Try it
Without any of the pictures, transcribe all the lines below exactly.

Provided material
===============

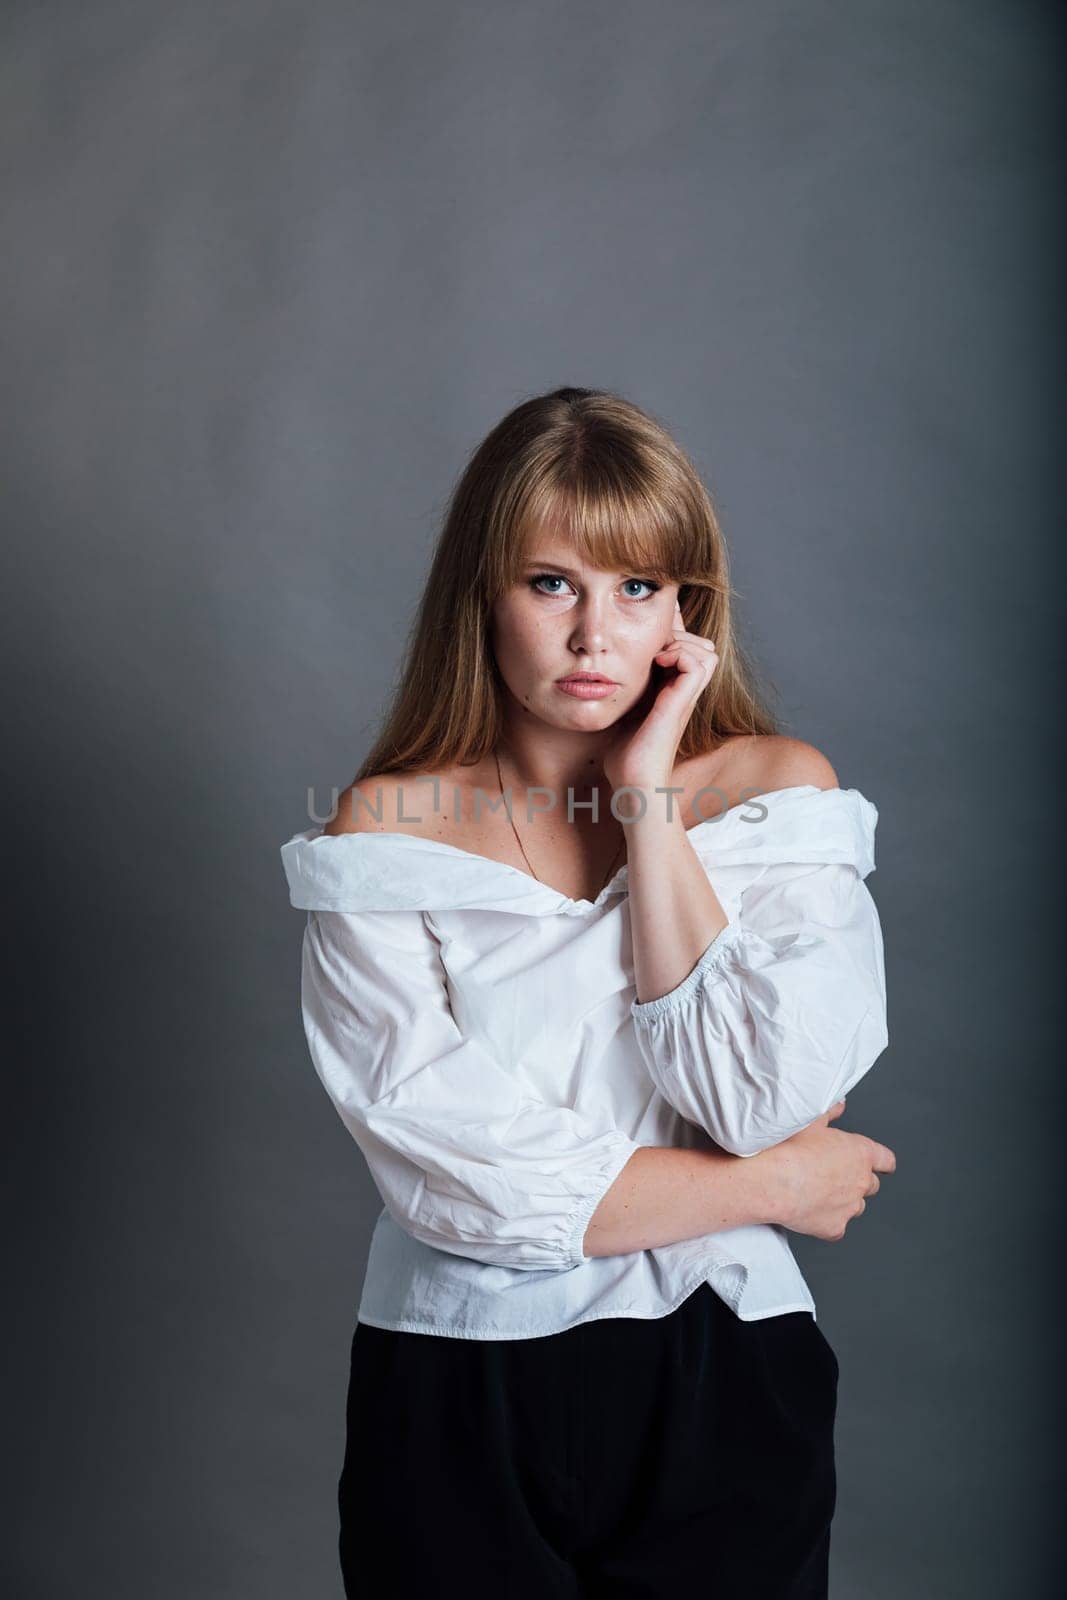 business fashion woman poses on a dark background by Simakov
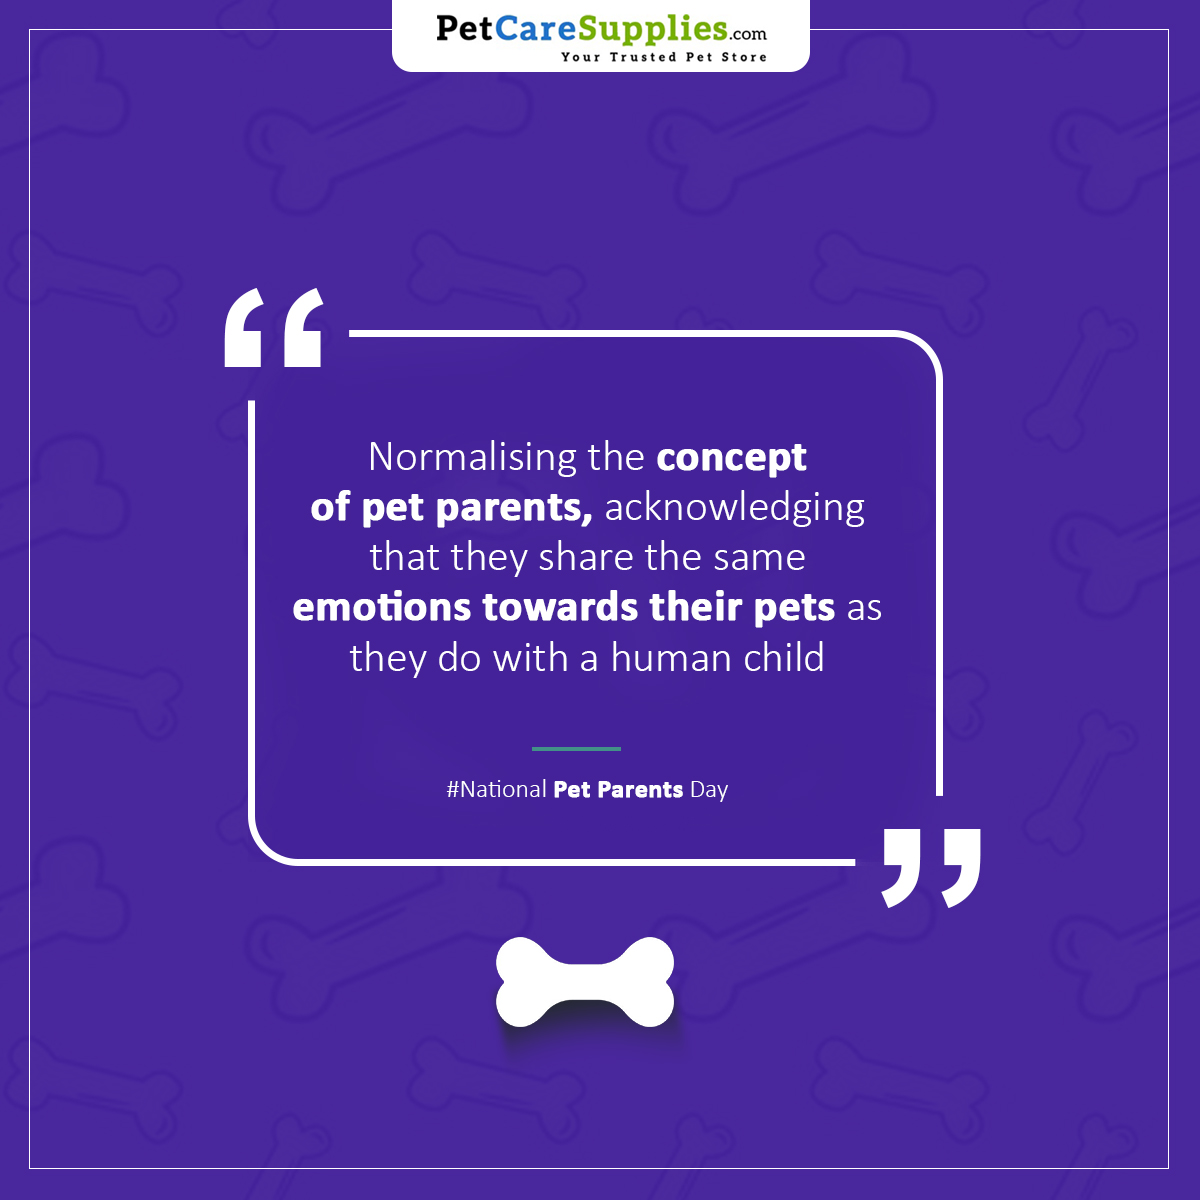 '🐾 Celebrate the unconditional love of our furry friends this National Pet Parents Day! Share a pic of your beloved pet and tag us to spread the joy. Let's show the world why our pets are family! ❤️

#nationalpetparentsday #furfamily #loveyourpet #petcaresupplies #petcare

===============

Task result
 business fashion woman poses on a dark background by Simakov
 '🐾 Celebrate the unconditional love of our furry friends this National Pet Parents Day! Share a pic of your beloved pet and tag us to spread the joy. Let's show the world why our pets are family! ❤️

#nationalpetparentsday #furfamily #loveyourpet #petcaresupplies #petcare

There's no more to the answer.